Since the Supreme Court’s Roe vs. Wade decision to legalize abortion, one of the largest groups in our nation, devout Christians, has worked toward establishing their moral code of opposing abortion as the nation’s moral code, regardless of religious affiliation.

The tension between justifying our laws within a secular or moralistic framework is at the core of determining how our legal system shapes our culture. The temporal and moral worlds see reality differently, but they do overlap. Secularism is not amoral, nor is morality irrational. Although both could go down those roads if not constrained by the norms of a democratic society seeking to establish rational decisions.

The Supreme Court punts but remains in the game

The Supreme Court, in replying to DOJ’s motion to toss out the lower courts’ rulings, choose to reject the lower-court restrictions to suspend mifepristone from the market and impose significant accessibility barriers to allow the lawsuit to continue.

Their decision came in a one-paragraph order, with two dissenting justices: Clarence Thomas and Samuel A. Alito Jr. However, up to two other judges could have disagreed with the order without public disclosure since the order was unsigned.  Thomas did not explain his dissent, but Alito provided a detailed three-page analysis that attacks FDA strictly on procedural grounds.

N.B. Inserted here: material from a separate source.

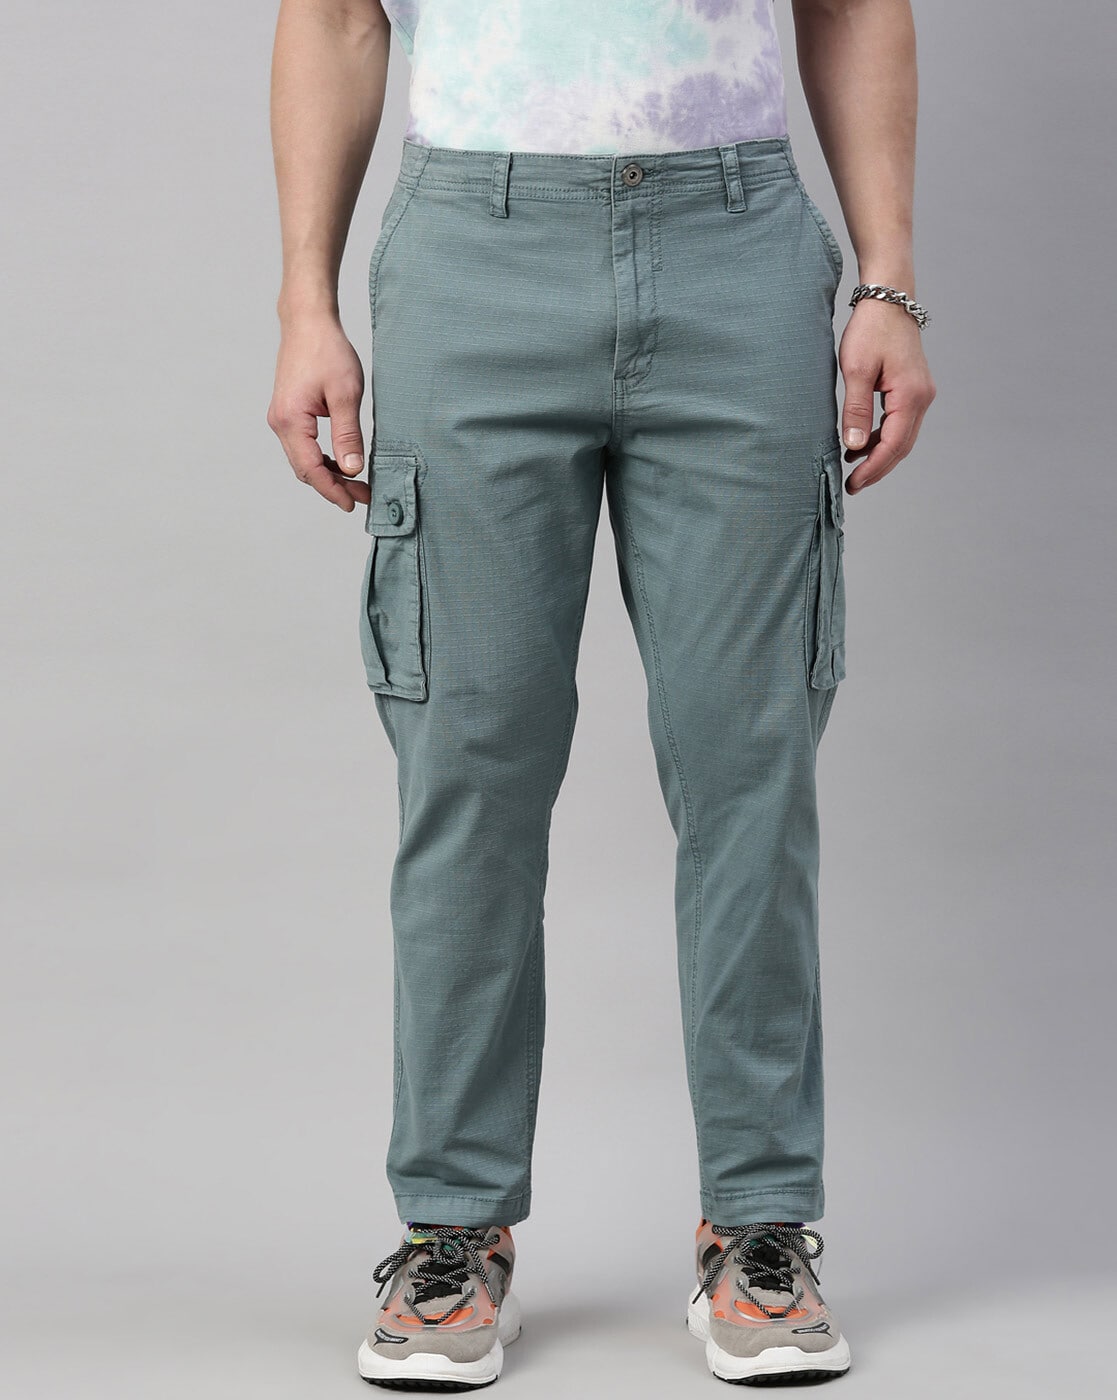 Buy Olive Trousers  Pants for Boys by ZALIO Online  Ajiocom

Alito’s dissent is required reading to understand how morality will never be discussed in any decision to support eliminating access to this abortion pill. He also avoids attacking the validity of FDA’s science and settles for merely noting that there is no real threat of harm from an expected short appeal period.

If Alito’s dissent foreshadows the arguments that the Circuit Court will apply to sustain Kacsmaryk’s decision, the final decision comes down to who will be on their panel to hear the FDA’s case. It may not be the same judges that heard FDA’s initial motion.

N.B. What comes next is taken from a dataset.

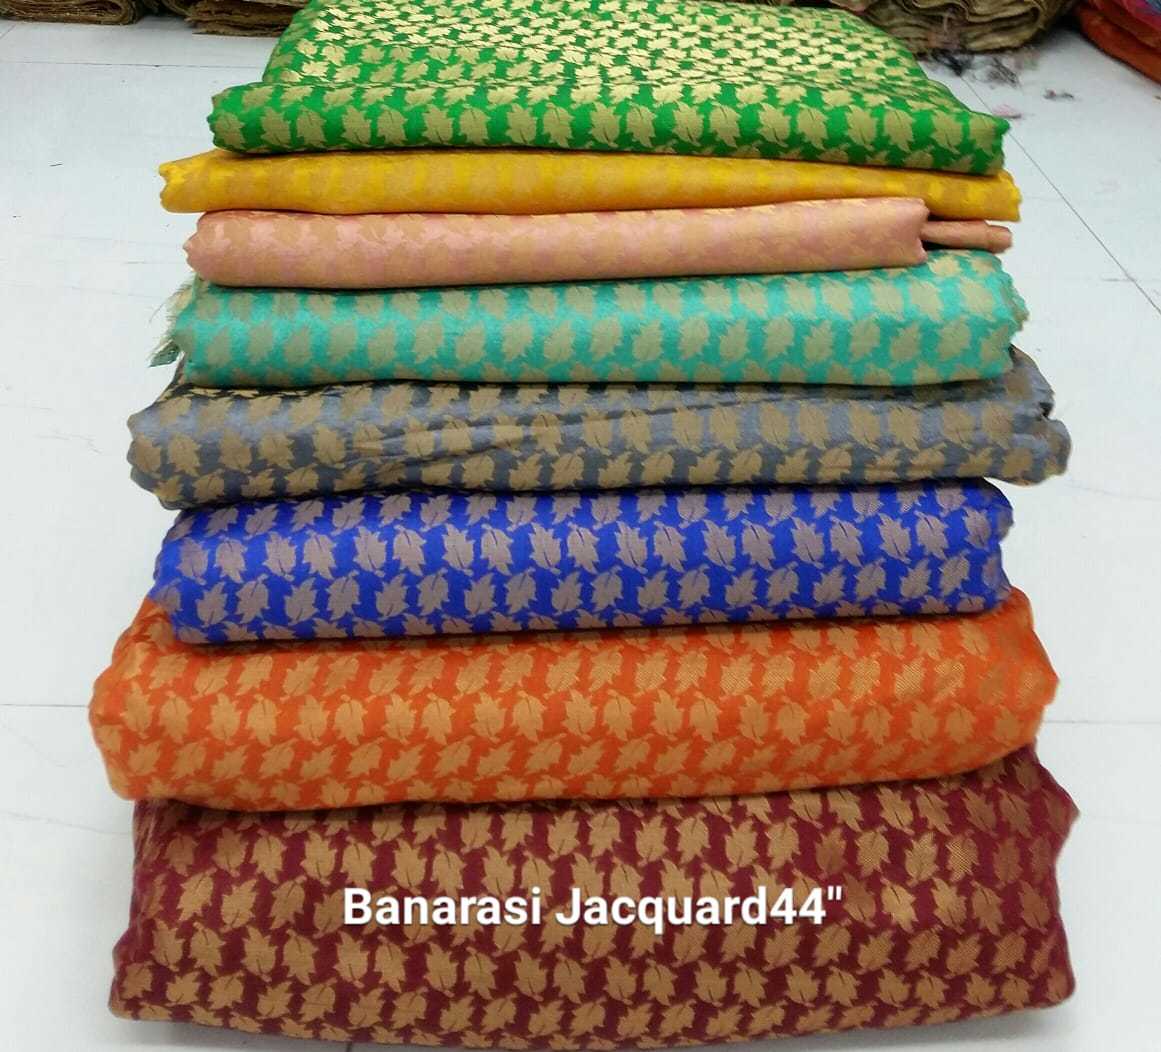 Banarasi Jacquard Fabric

However, if the panel has a majority of Trump appointees, they would be expected to reach a similar conclusion. If they overreach and base their decision on FDA’s science, they could be on shakier ground for winning a Superior Court ruling if it decides to hear an appeal.

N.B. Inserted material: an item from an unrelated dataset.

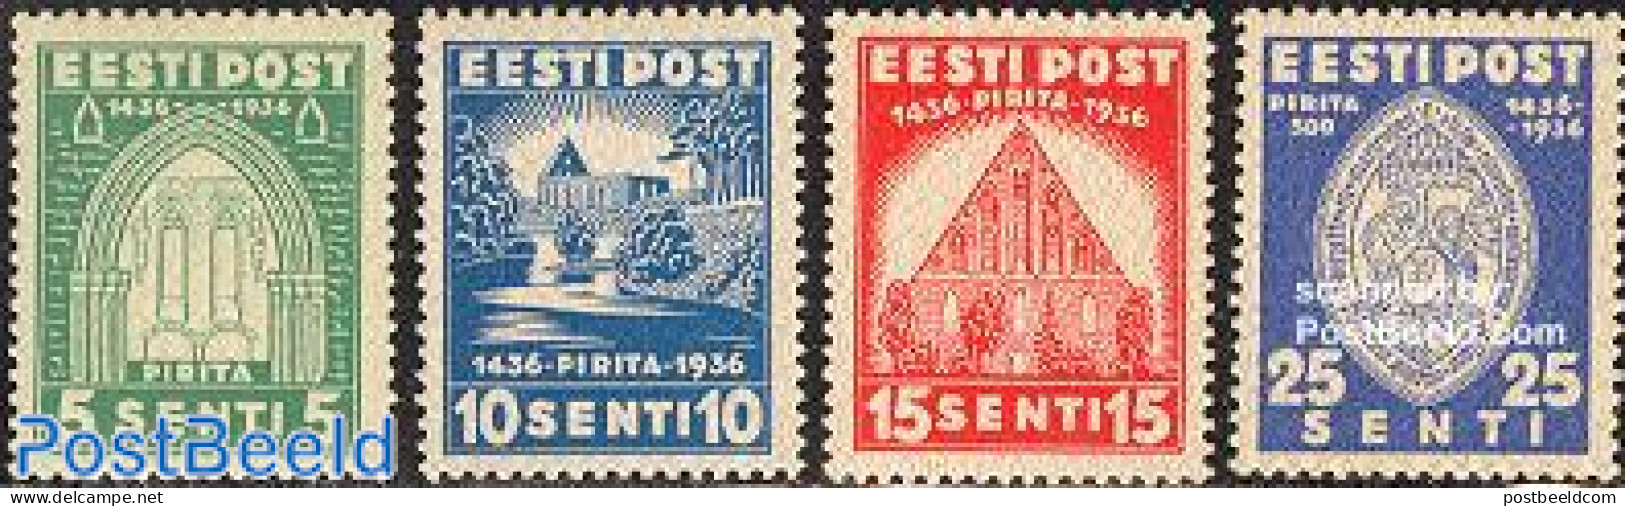 Estonia 1936 Pirita Cloister 4v, Unused (hinged), Religion - Cloisters & Abbeys - Abbeys & Monasteries

Circuit panels generally consist of three judges, supposedly selected at random. A Cornell Law Review article by a professor found that rarely are the judges chosen randomly. Since the Fifth Circuit Court has four Democrat-appointed to twelve Republican-appointed judges, it is the most conservative appeals court.

It turned even further right with Trump appointing six of the judges. If a three-judge panel is used to hear the FDA case, two of the three will likely be Trump appointees, having the same makeup as the original panel that heard FDA’s appeal.

If the Circuit Court denies FDA’s appeal or overrules Kacsmaryk’s decision, one of the parties will undoubtedly appeal to the Supreme Court. But, again, Trump-appointed judges may hold sway; half of the six Republican-appointed justices are moralists selected by Trump.

The Supreme Court conservative Justices’ would be headed toward a strict moralistic application of the law. Following Alioto’s logic, they would prefer to define their ruling around procedural issues, not morality. If the Circuit Court’s decision questions the science used as a basis for their ruling, the SCOTUS justices could be split on how they rule on the appeal of that court’s finding.

Whatever the outcome, the conservative Supreme Court Justices’ decision to deny this pill to women would reflect their unwavering Christian beliefs. Acknowledging that the US can harbor a mixture of religious thoughts and practices without one faith being morally superior will not be present in their decision.

No government cannot decree that a democratic society must make a perfect moral world; it can only make a world that regulates harmful behavior toward other citizens. That is why Congress must remove this issue from the judicial system and codify women’s rights to control their bodies.

Nick Licata is author of Becoming A Citizen Activist, and has served 5 terms on the Seattle City Council, named progressive municipal official of the year by The Nation, and is founding board chair of Local Progress, a national network of 1,000 progressive municipal officials.